In response to the market volatility triggered by Trump’s remarks, several institutions issued warnings.
● Caixin cited analysts who pointed out that although Trump publicly favors easing tensions, his military buildup in the Middle East is increasing, indicating that a quick resolution is unlikely. The term “gradual de-escalation” is often interpreted by military experts as the U.S. shifting from full-scale escalation to limited interventions, mainly airstrikes, while reducing the likelihood of ground invasions.
● From this perspective, Trump’s de-escalation comments do not guarantee a drop in oil prices. Given the ongoing conflict, the Strait of Hormuz is unlikely to resume normal flow soon.
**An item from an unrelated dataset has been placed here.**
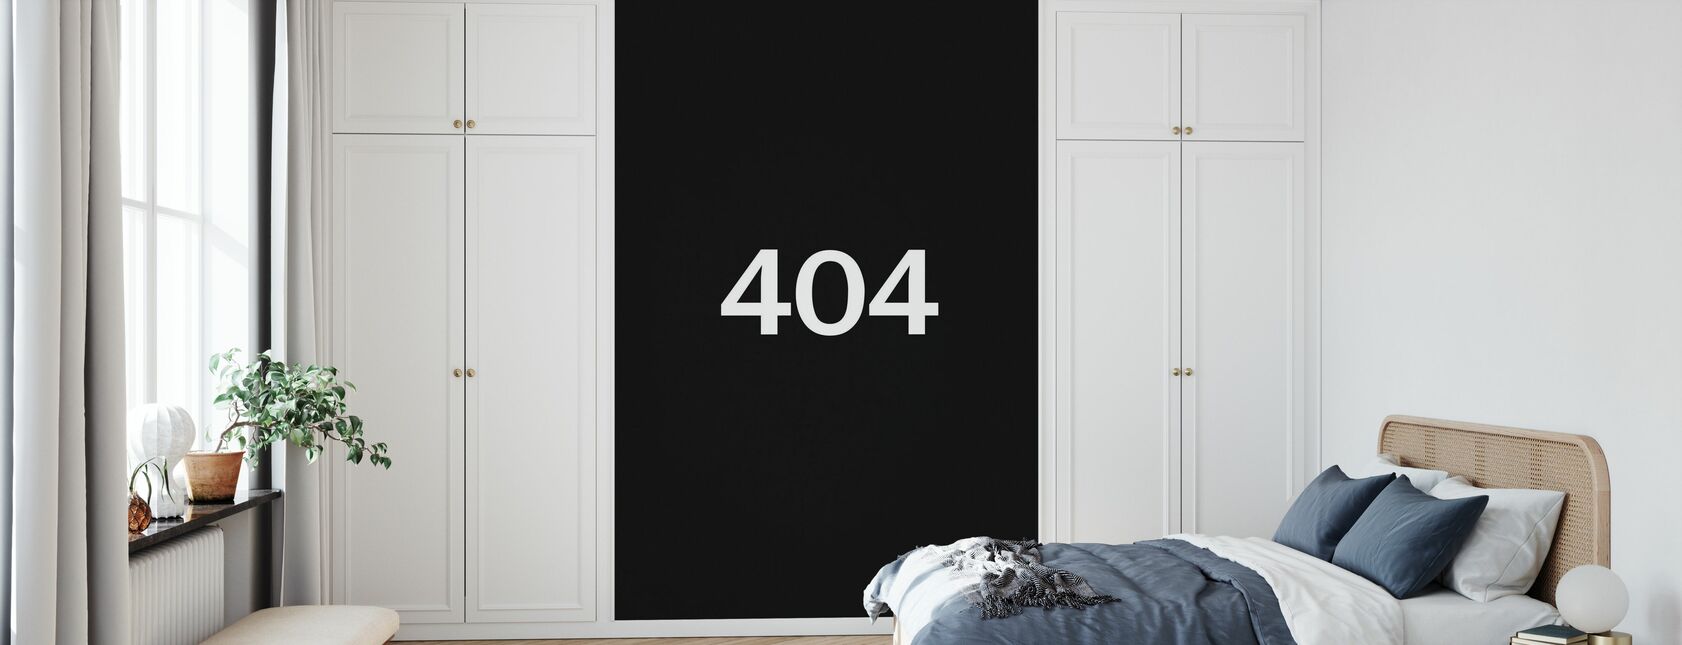 Four Zero Four - Wallpaper - Bedroom

Analysts remain cautious, noting Trump’s inconsistent stance over the past three weeks and advising investors not to take his words at face value.
As geopolitical risks intensify, the value of prediction market platforms is increasingly evident. Currently, the two most prominent U.S.-based platforms are Polymarket and Kalshi, both regulated by the CFTC but with notable structural differences.
● Polymarket is a blockchain-based prediction market operating on the Polygon network, using USDC stablecoins for trading. Its advantages include transparency, speed, and very low costs, making it strong in emerging markets like global politics, cryptocurrencies, and geopolitical events.
● Kalshi is a fully regulated exchange approved by the CFTC, allowing direct fiat currency trading. It leads in macroeconomic areas (federal interest rate decisions, inflation data) and has deep market penetration within the U.S.
Both platforms are accelerating the mainstream adoption of prediction markets. Recent data shows Polymarket has 250,000 to 500,000 monthly active traders, with over 17 million website visits per month, and is projected to reach $18 billion in trading volume by 2025.
The appeal of prediction markets is extending from crypto circles to traditional finance. On March 2, 2026, Nasdaq officially submitted an application to the SEC to launch binary options related to the Nasdaq-100 index. These “outcome-based options” are priced between $0.01 and $1, allowing investors to bet on whether specific events will occur.
This marks one of the largest Wall Street players entering the prediction market space. Although Kalshi and Polymarket have previously offered similar products under CFTC regulation, Nasdaq’s entry signals mainstream financial acceptance. If approved, it will be Nasdaq’s first foray into prediction markets.
Amid ongoing developments in the Middle East, Northern Trust recommends investors monitor three major variables:
The March Fed meeting will release economic forecasts. While markets do not expect a rate adjustment, how the Fed generally describes the conflict and its expected duration will be a crucial signal.
Since March 9, the rolling 7-day oil tanker traffic through the strait has remained at a low of 1 to 2 ships. When normal traffic resumes will be the most direct indicator of geopolitical risk easing.
From “gradual de-escalation” to “48-hour final ultimatum,” Trump’s repeated statements have been a direct driver of market volatility. Traders are pricing each of Trump’s statements on Polymarket—this political prediction theme is gradually becoming a new focus for users.
The Middle East conflict continues, and trading activity in prediction markets is rising. While traditional financial analysts debate how high oil prices will go, traders on Polymarket are already pricing every possible future with real money. Regardless of how the conflict ends, the prediction market—once a niche—proves its value amid geopolitical storms.